Getting the regulatory regions for a ton of genes

Hi all! I’ve completed an RNA-seq study and have a list of differentially expressed genes.

How does someone:

  1. get the upstream 2Kb or so of a large list of genes, or even better
  2. the promoter region upstream of the ATG excluding any possible upstream ORF that might be <2kb away, or even better
  3. the upstream area plus any intronic sequences that also might regulate the expression of the genes.

I remember using “Worm-Mart” to do this a thousand years ago

Thanks!

Kris

1 Like

As far as I know, Wormmart is superseded by Wormmine, it might be possible to get sequences from there, but not sure how.

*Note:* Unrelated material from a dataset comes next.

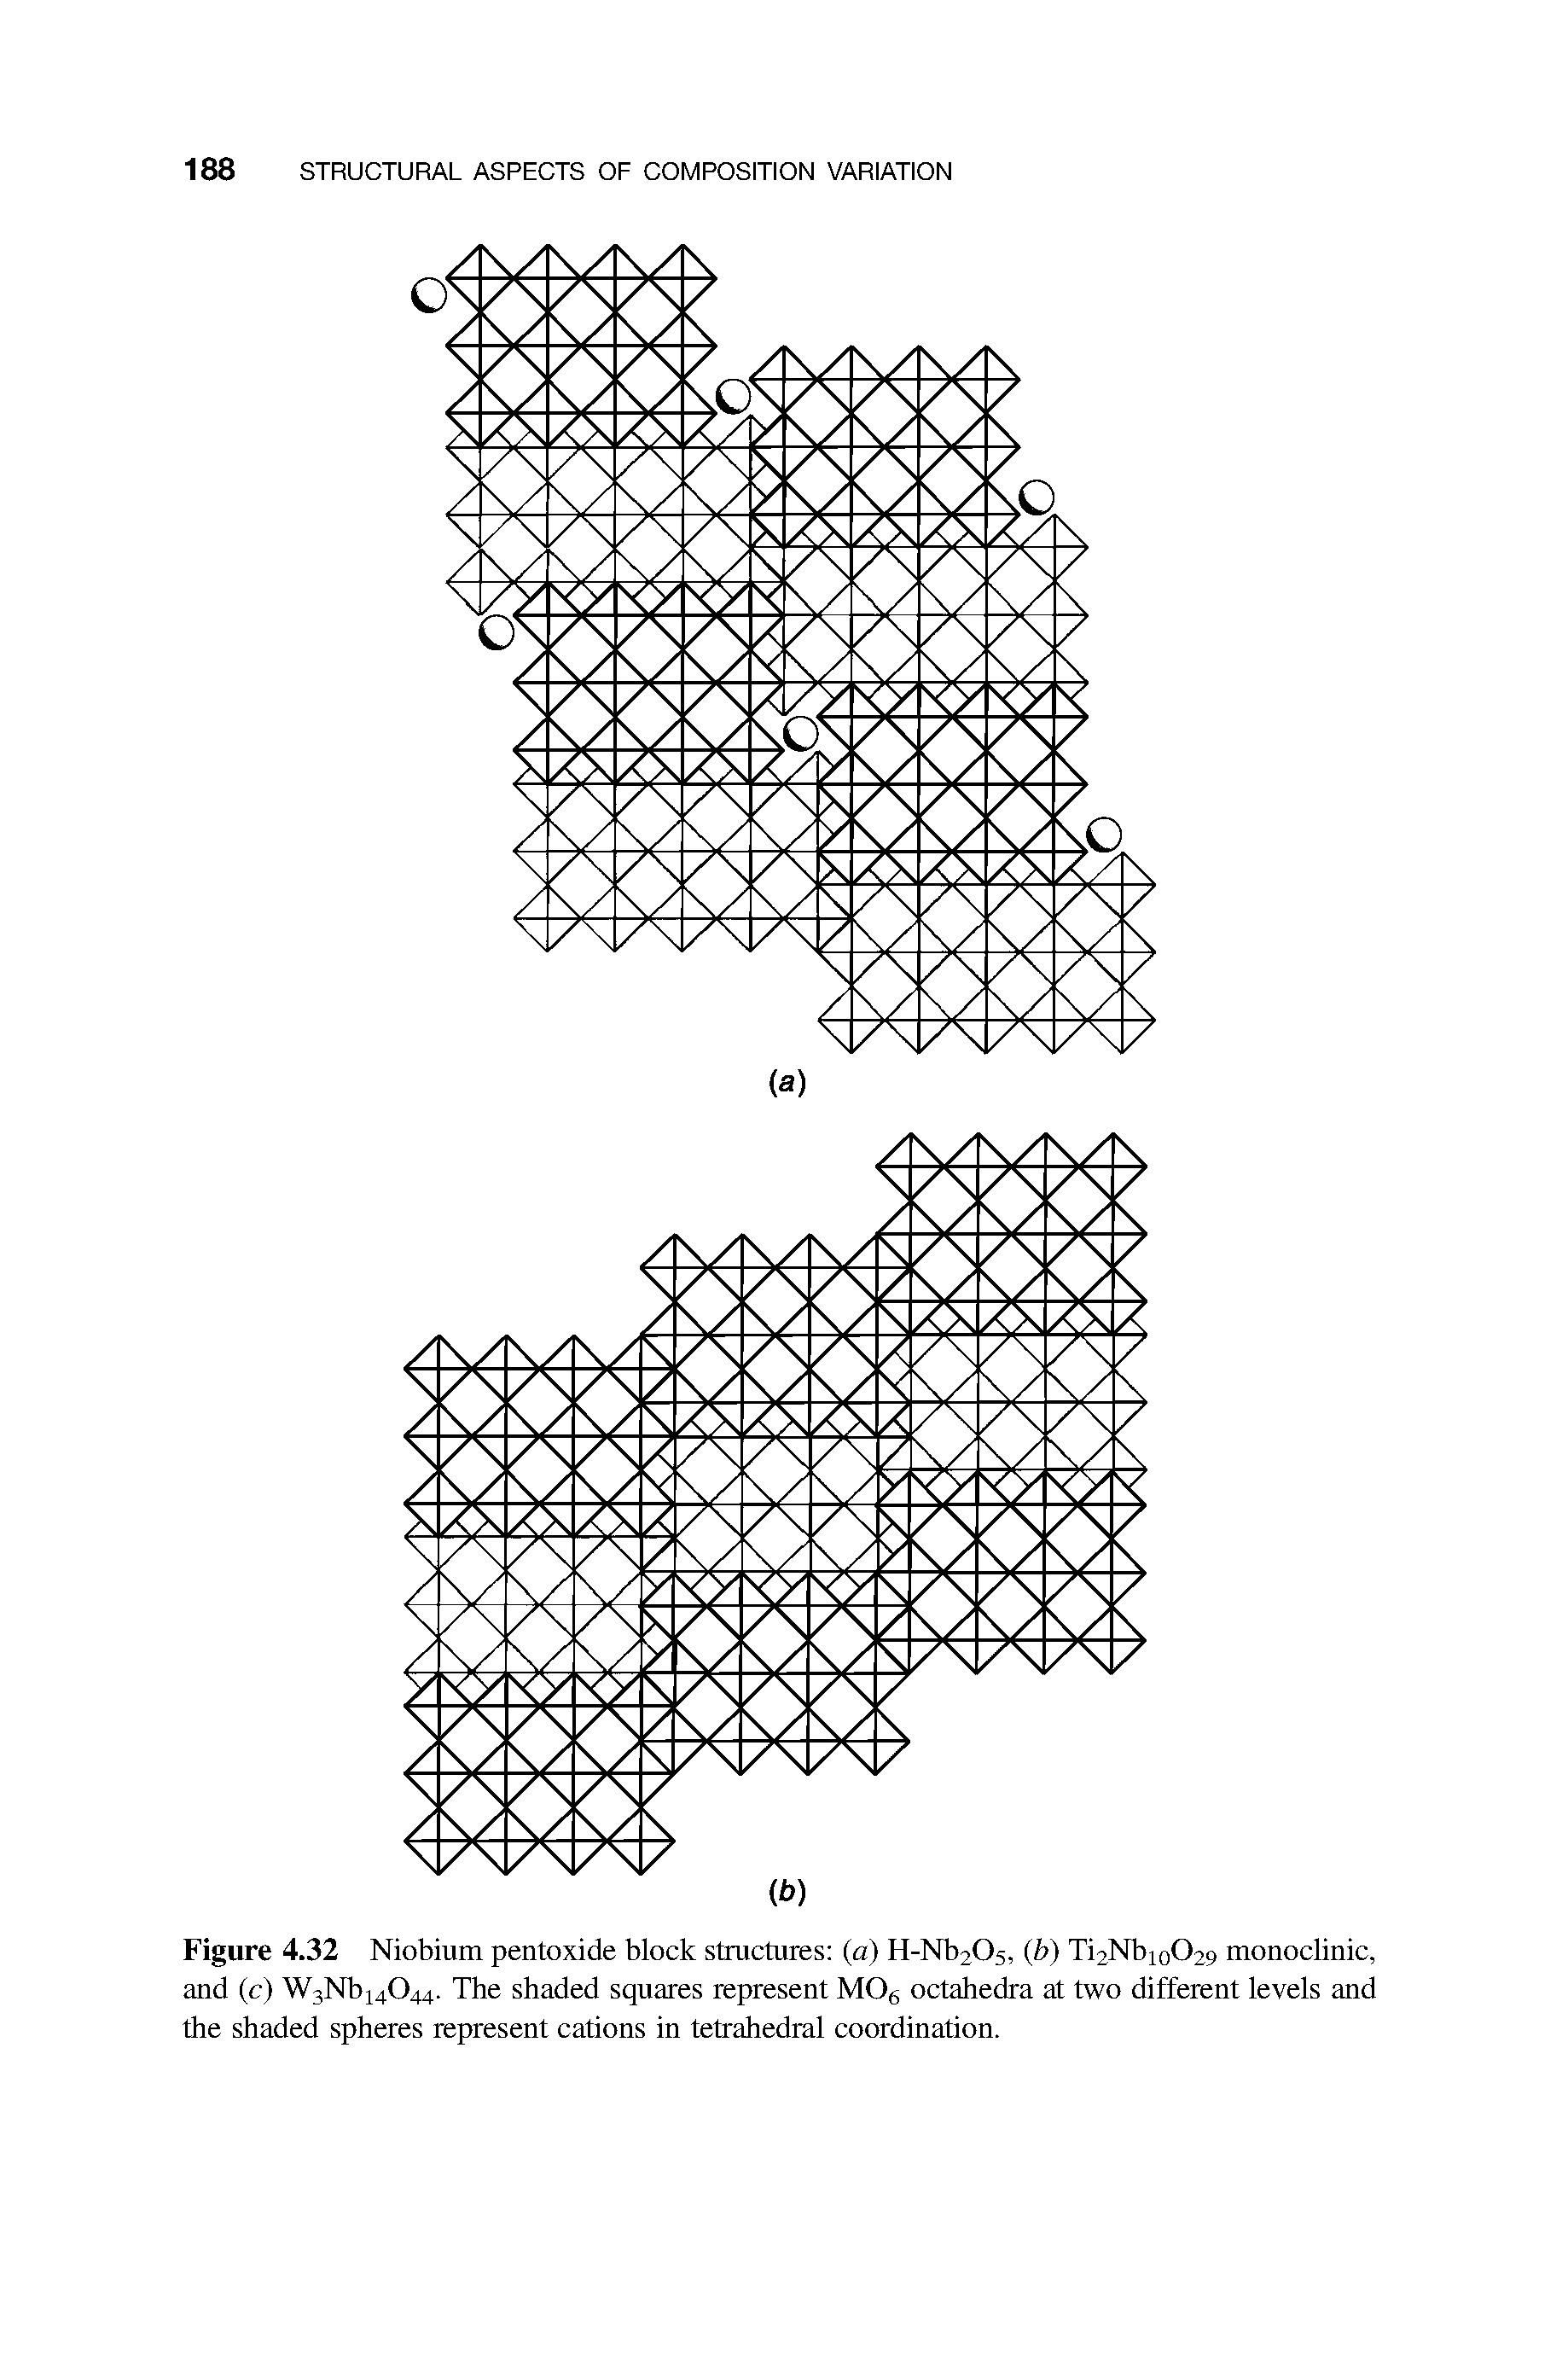 Figure 4.32 Niobium pentoxide block structures (a) H-Nb2Os, (b) Ti2Nb10O29 monoclinic, and (c) W3Nb14044. The shaded squares represent MOg octahedra at two different levels and the shaded spheres represent cations in tetrahedral coordination.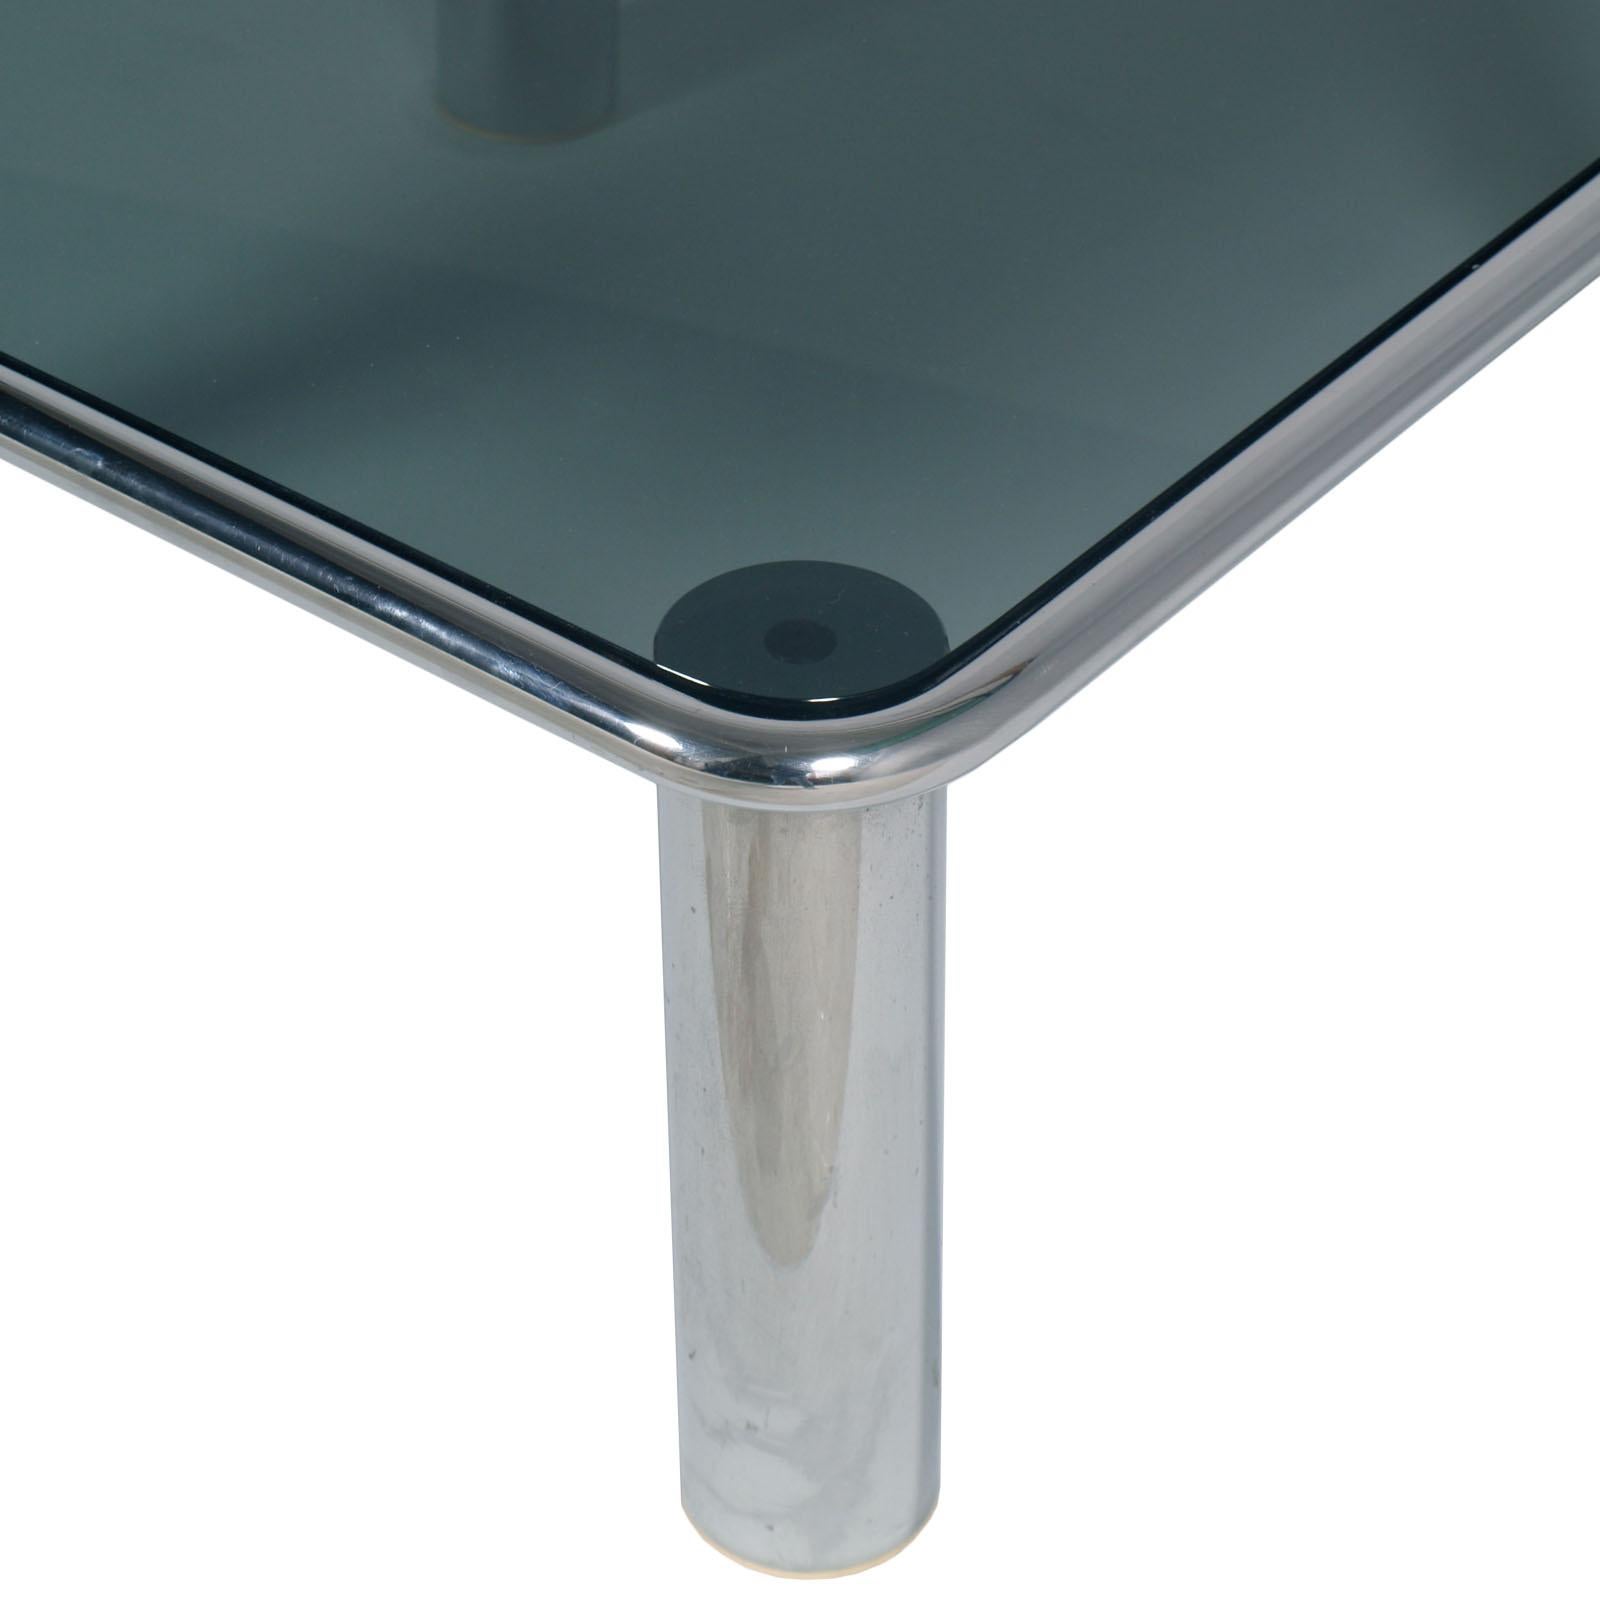 20th Century Mid-Century Modern Chrome Coffee Table Glass Fumè Top by G. Frattini for Cassina For Sale

If you’re familiar with R, you can try a script along these lines:

library(wbData)

# for conversion of gene names to WBID
gids <- wb_load_gene_ids(281)

# list of genes of interest
list_of_gene_names <- c("unc-10","rab-3")
list_of_gene_ids <- s2i(list_of_gene_names,
                        geneIDs = gids,
                        warn_missing = TRUE)



# prepare genome
genome_path_zipped <- wb_get_genome_path(281)
genome_path_unzipped <- tools::file_path_sans_ext(genome_path_zipped)

if(!file.exists(genome_path_unzipped)){
  R.utils::gunzip(genome_path_zipped)
}

genome <- Rsamtools::FaFile(genome_path_unzipped)


# prepare list of genes coordinates
txdb <- wb_load_TxDb(281)
#> Loading required package: GenomicFeatures
#> Loading required package: BiocGenerics
#> 
#> Attaching package: 'BiocGenerics'


granges_with_genes_coords <- genes(txdb)[list_of_gene_ids]


# Extract the sequences!
GenomicFeatures::extractUpstreamSeqs(genome,
                                     genes = granges_with_genes_coords,
                                     width = 2000)
#> DNAStringSet object of length 2:
#>     width seq                                               names               
#> [1]  2000 CATTTTTCAAACTTTGTCCAATT...TATTACCTTAAAAATCAAACTTC X
#> [2]  2000 TGAGAAAAAACCACAGGAAAAGA...ATTTATGCGCGAAACAAAAGCCT II

Created on 2023-02-27 with reprex v2.0.2

Here I use my package wbData to download the gtf and fasta files from Wormbase (you could do it manually), then I use the BioConductor function extractUpstreamSeqs to extract the corresponding sequence.

For point 2, that should be doable using BioConductor tools: you can make a for loop on the genes of interest and use a function like findOverlaps() to find ORFs that intersect with your upstream region.

For point 3:

intronic sequences that also might regulate the expression of the genes

how do you define an intron that might regulate the expression, as opposed to another intron? That’s a biological problem more than a programming one. The best I can think of would be to import ATAC-Seq or ChIP-Seq data, and look for peaks in the introns. That becomes a pretty complicated problem if you’re not already comfortable with bioinformatics.

Thanks so much, this is very detailed and super helpful! I’ll drop a line when we are successful.